Tutorial commands available in text files

Currently available tutorial with commands provided in text files:

Exercise / folder name Text file name
plink_r_nothnagel plink_r_commands.txt
epistasis epistasis_commands.txt
fastlmm_gcta FASTLMM_GCTA_commands.txt
mendelian_randomization MR_exercise_TwoSampleMR.R
pleiotropy pleiotropy_commands.txt
popgen_nothnagel popgen_drift.R, popgen_selection.R, genepi_popgen.q
regression_nothnagel regression.R, multifactorial_script.txt

Since commands for most of the exercises are written in a mix of bash and R, we recommended running with a SoS Notebook. This is because SoS Notebook allows you to change kernels for each code chunk, which prevents the confusion of opening multiple notebooks or consoles.

To launch a new SoS Notebook, simply select SoS under the Notebook section in the launcher window, and you will be able to select kernels for each code chunk on the top right corner,

image

Trouble shoot

Epistasis

If you are running the exercise in an jupyter notebook, the plink commands will be stuck for part of the analysis. This is because this command:

more plink.assoc

is used to read the result interactively in a console or terminal. You can either run this line separately in console or terminal, or change to

head plink.assoc

to read the beginning of the file.

Regenie

When running the exercise, you may receive the following error:

ERROR: regenie_qc (id=387a6c10b5d599d9) returns an error.
ERROR: [regenie_qc (regenie_qc)]: [0]: Failed to obtain lock /tmp/jovyan/.sos/ae7fddb7f73ac3ee.lock for input regenie_statgen_mwe/1000G.EUR.mwe.pruned.bed and output /home/jovyan/handson-tutorials/contents/regenie/output_vc/cache/1000G.EUR.mwe.pruned.qc_pass.id /home/jovyan/handson-tutorials/contents/regenie/output_vc/cache/1000G.EUR.mwe.pruned.qc_pass.snplist. It is likely that these files are protected by another SoS process or concurrant task that is generating the same set of files. Please manually remove the lockfile if you are certain that no other process is using the lock.

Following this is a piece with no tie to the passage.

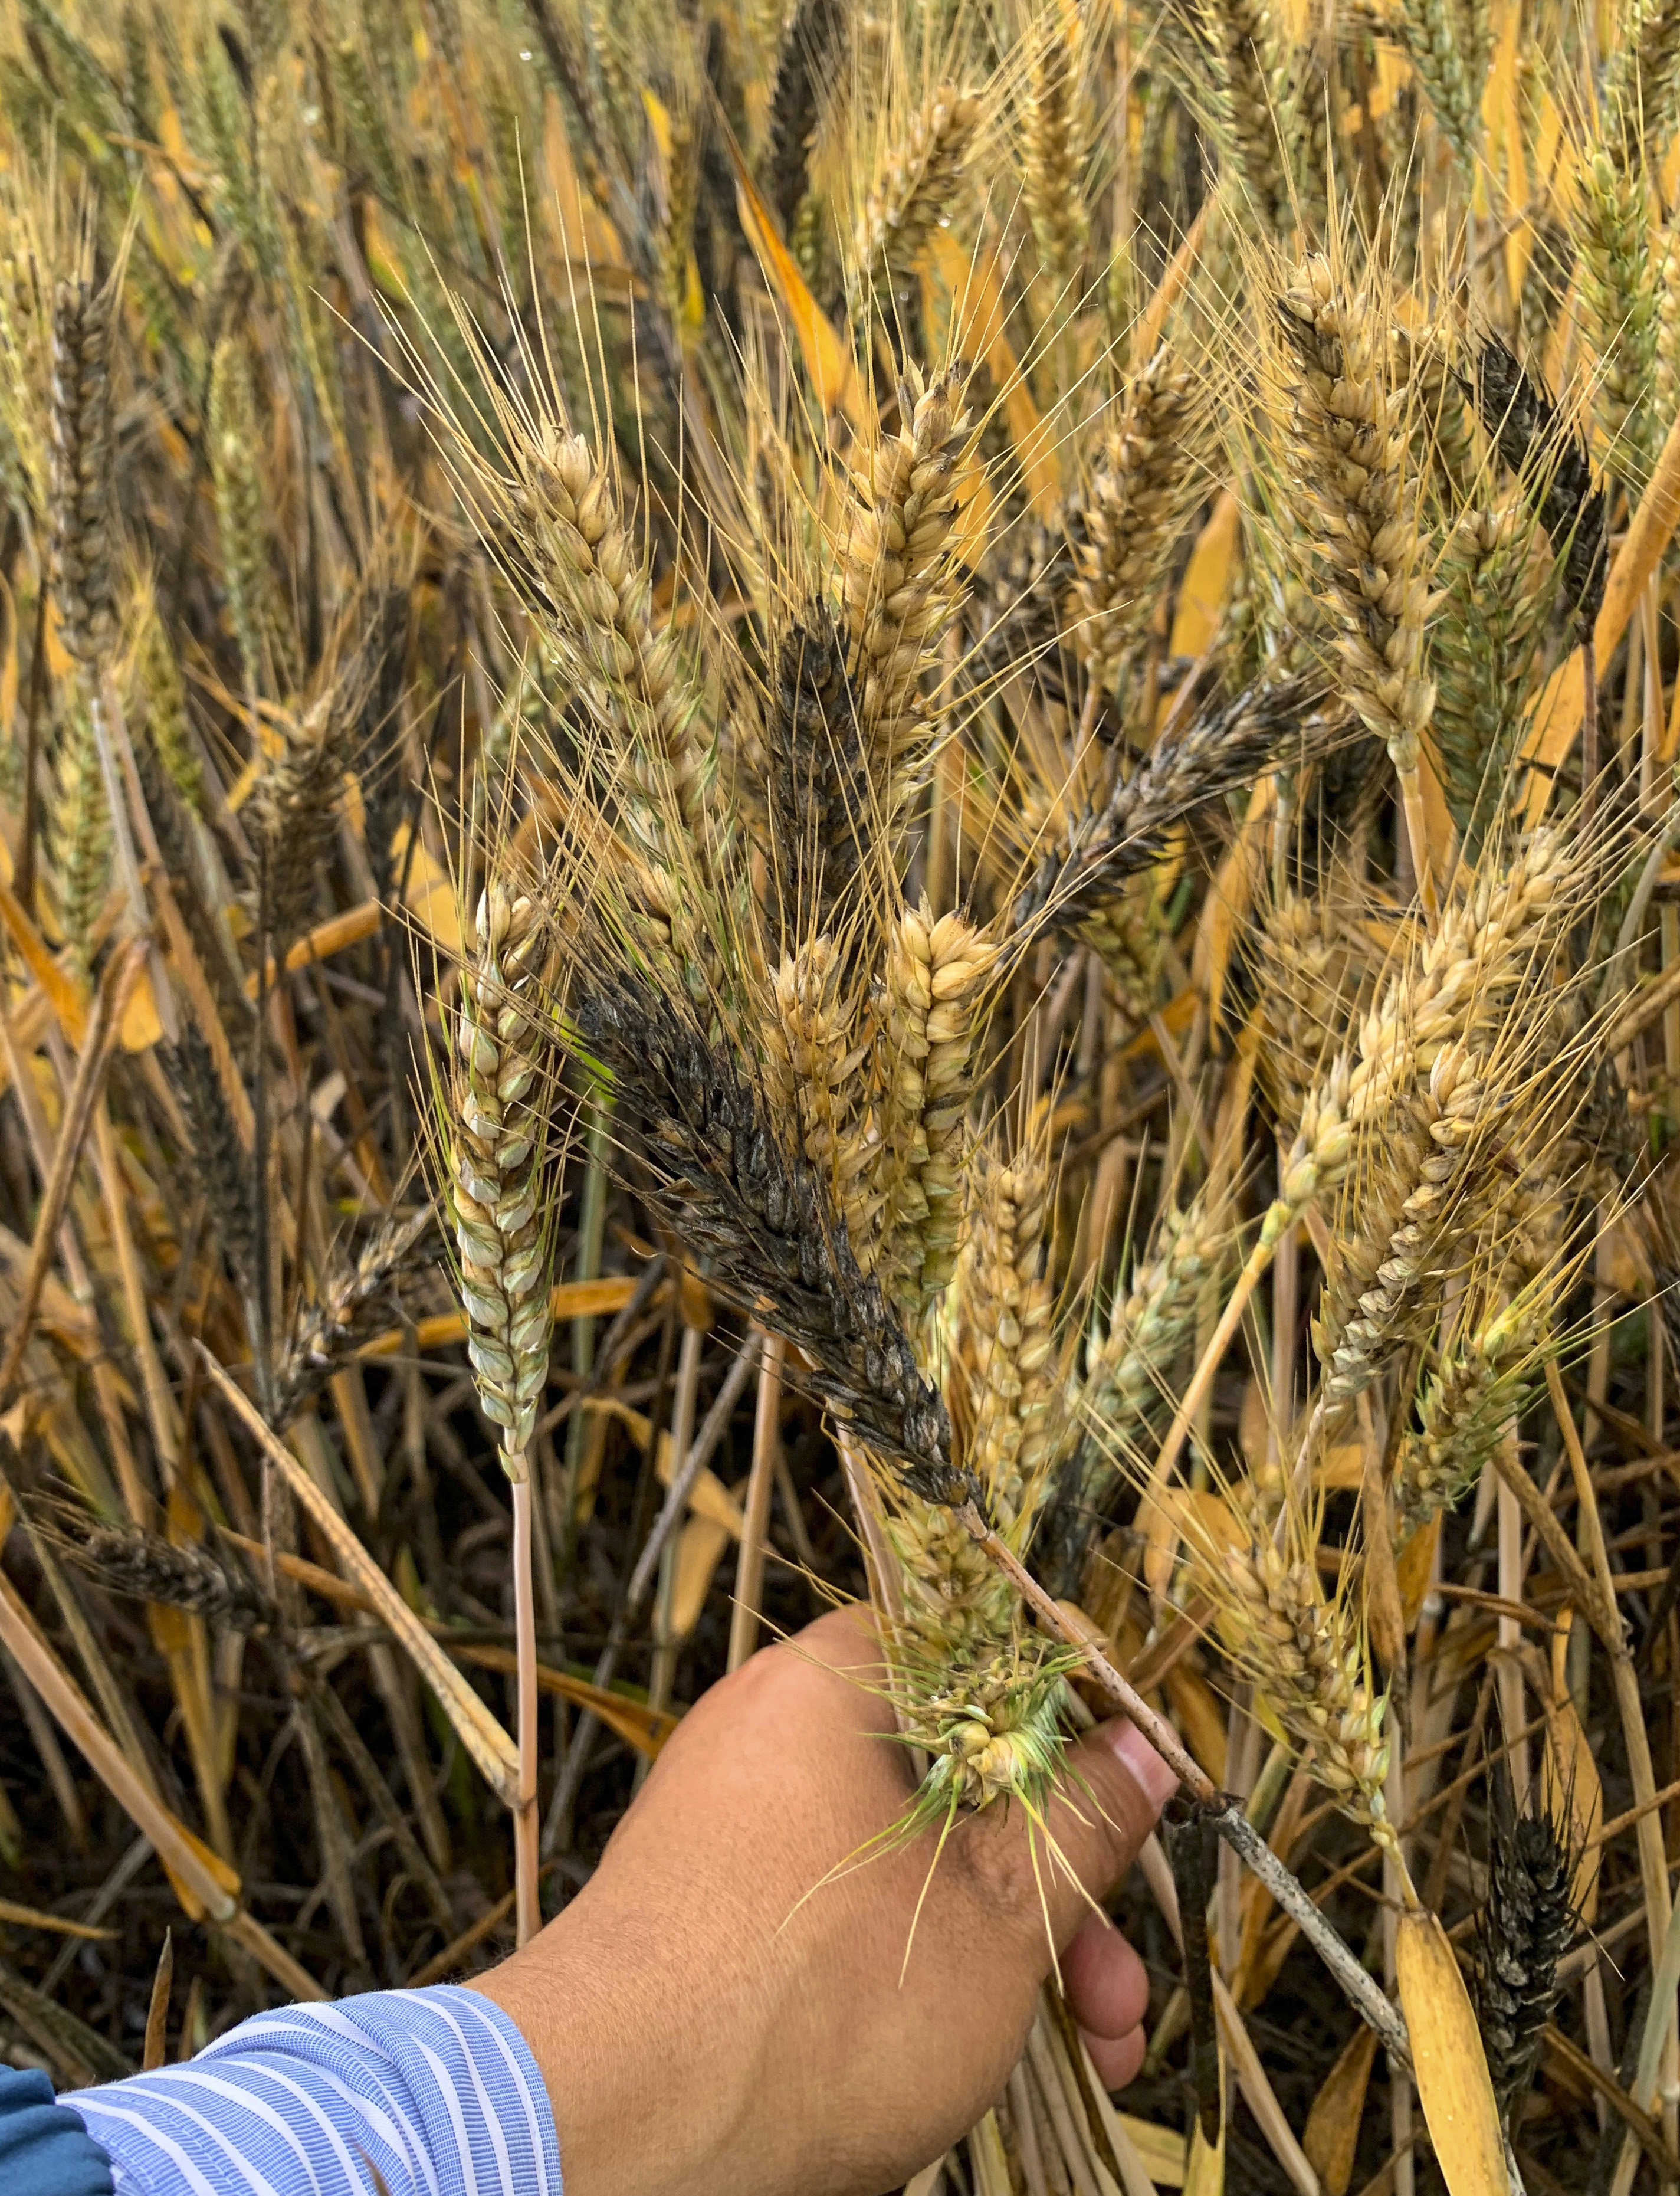 Continuous rain and high humidity across China’s wheat-production base have left large swathes of the crop blighted or affected by sprout damage. Photo: Weibo

This may happen when you run code chunks containing sos run pipeline/regenie.ipynb. It happens sometimes because of disk latency on the cloud server that created unnecessary file locks. Simply re-run the chunk where you receive this error; or, run in your command line terminal rm -rf /tmp/ubuntu/.sos/* to remove all lock files.

Running on local computer with software installed

Please follow the setup here to install all the software needed and launch the exercises. The instruction works for Linux, MacOS and Windows with WSL system configured.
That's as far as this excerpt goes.